▸ YOUR ASSIGNMENT: Your task is to retype, exactly, the line containing "W Mexico City" and every later line through the end of the listing, with pictures omitted.

▸ INPUT DATA:
◇ ◇ ◇ ◇

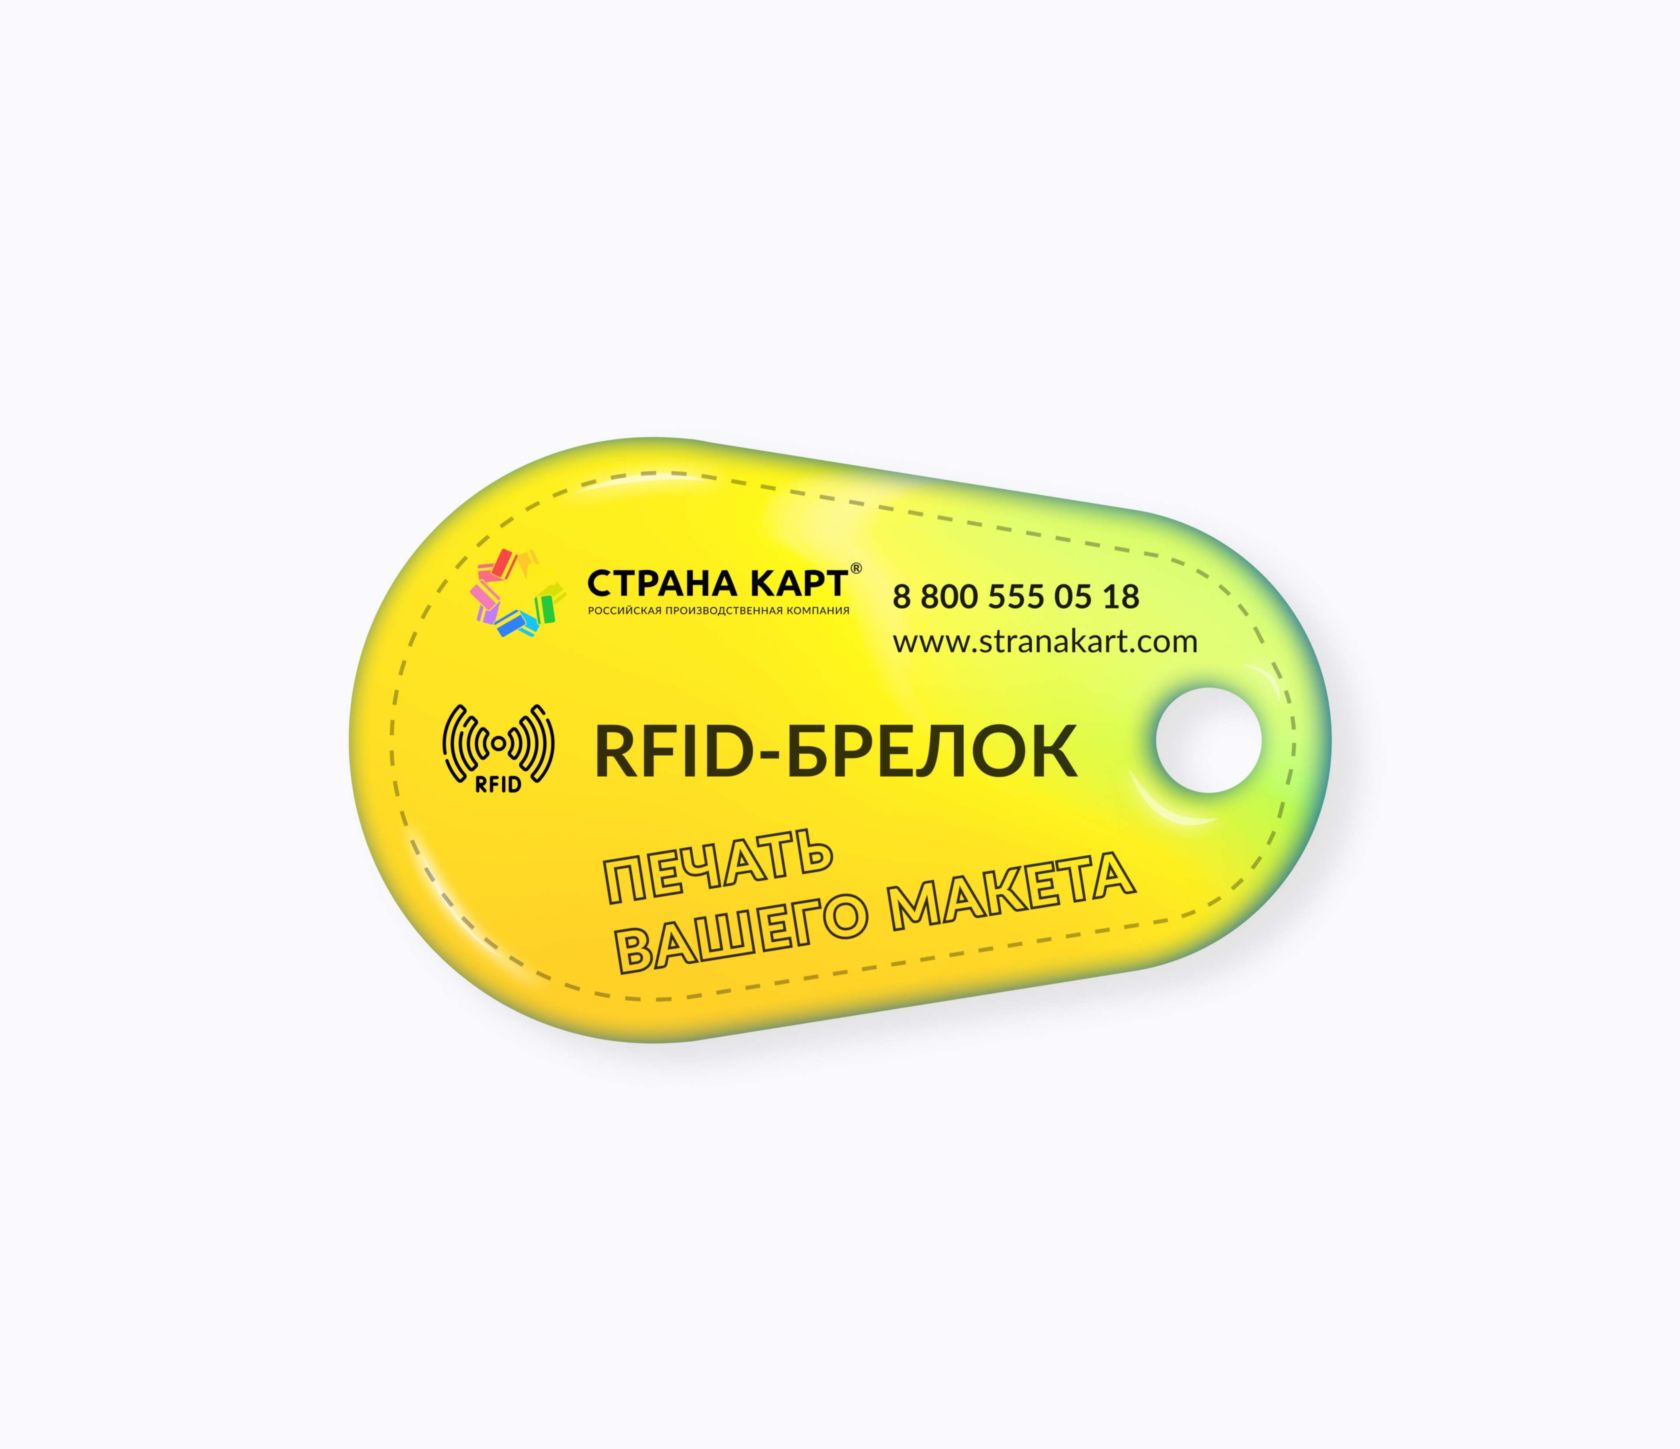 Каплевидные RFID-брелоки NEOKEY® с чипом для парковок RFID-брелоки NEOKEY® с чипом для парковок
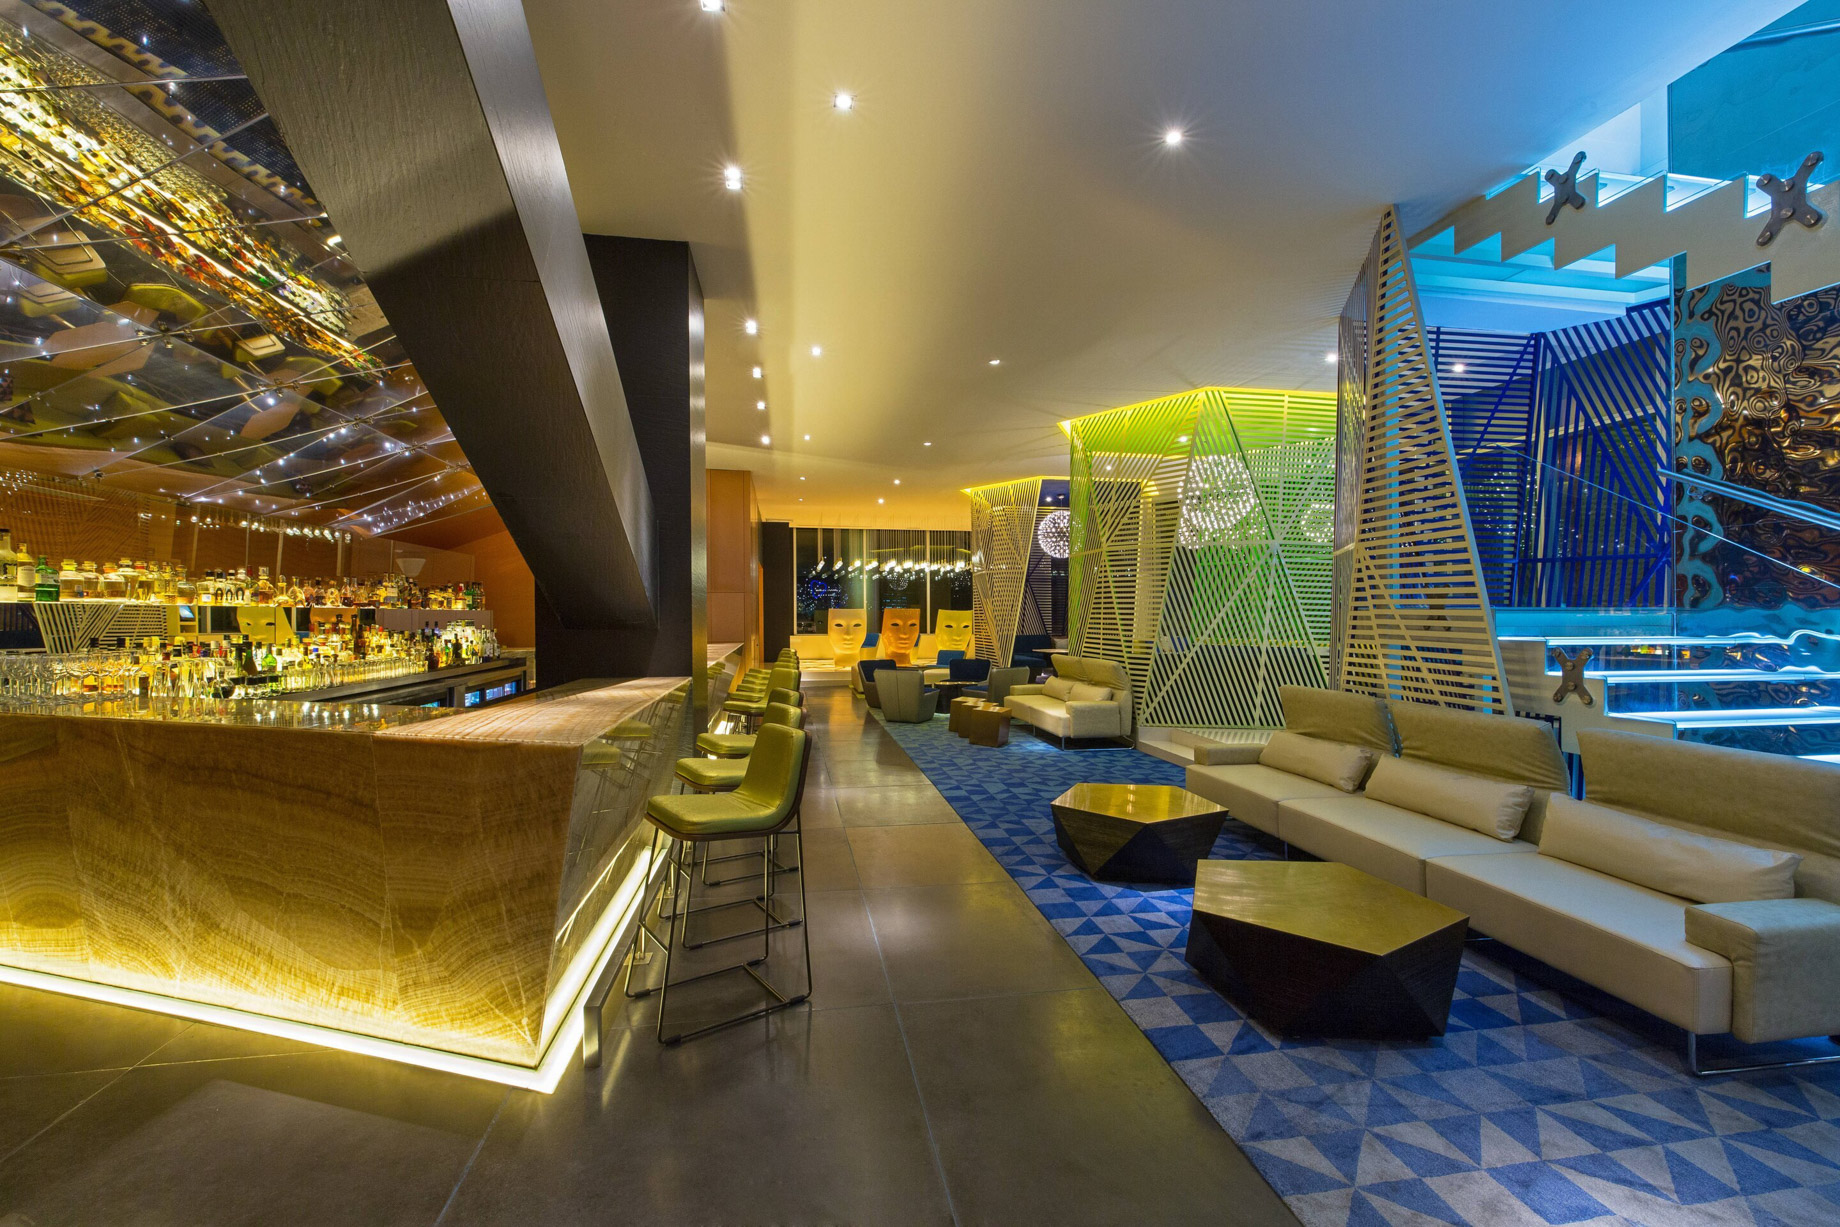 W Mexico City Hotel – Polanco, Mexico City, Mexico – Lobby Living Room Bar Decor
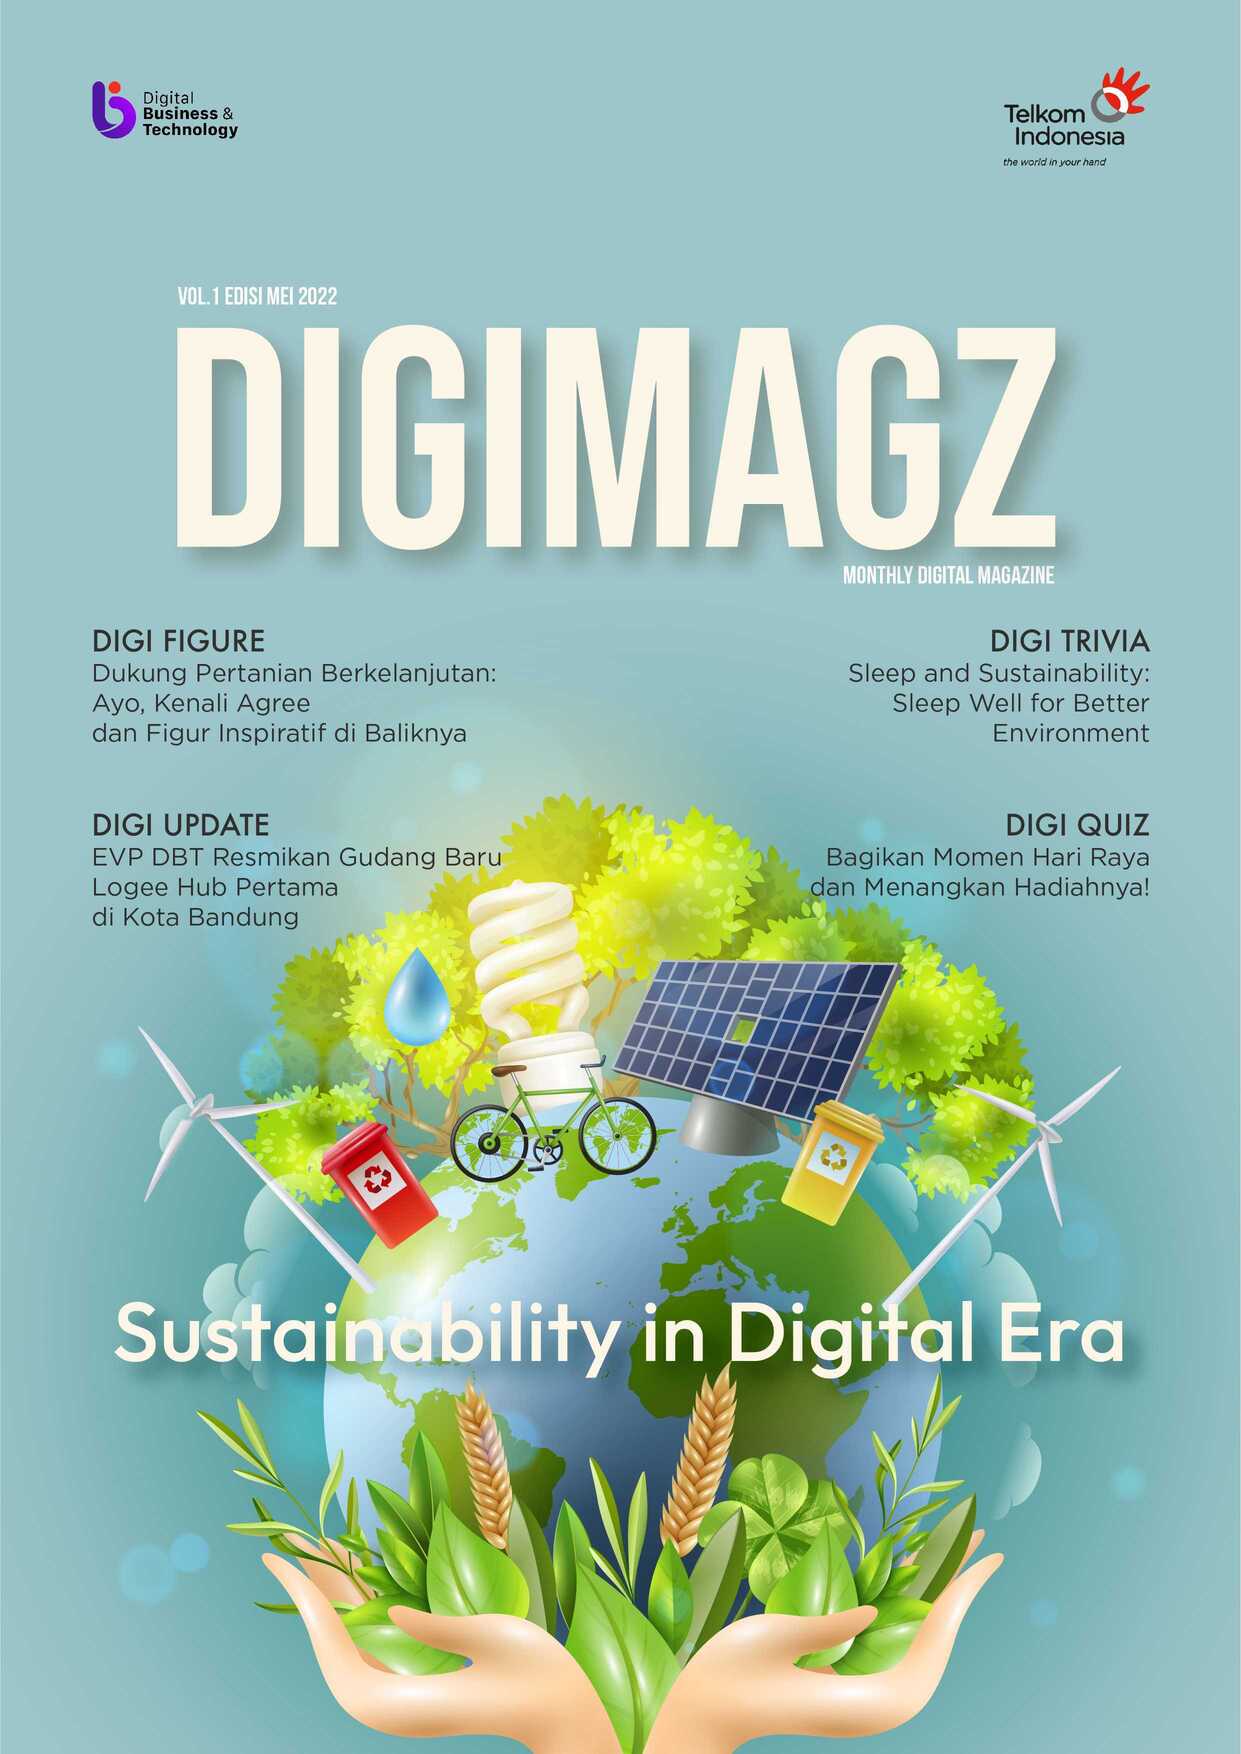 Digimagz Mei 2022 "Sustainability in Digital Era"

◇ ◇ ◇ ◇

▸ SOLUTION FOR THIS EXERCISE:
 W Mexico City Hotel – Polanco, Mexico City, Mexico – Lobby Living Room Bar Decor
 Digimagz Mei 2022 "Sustainability in Digital Era"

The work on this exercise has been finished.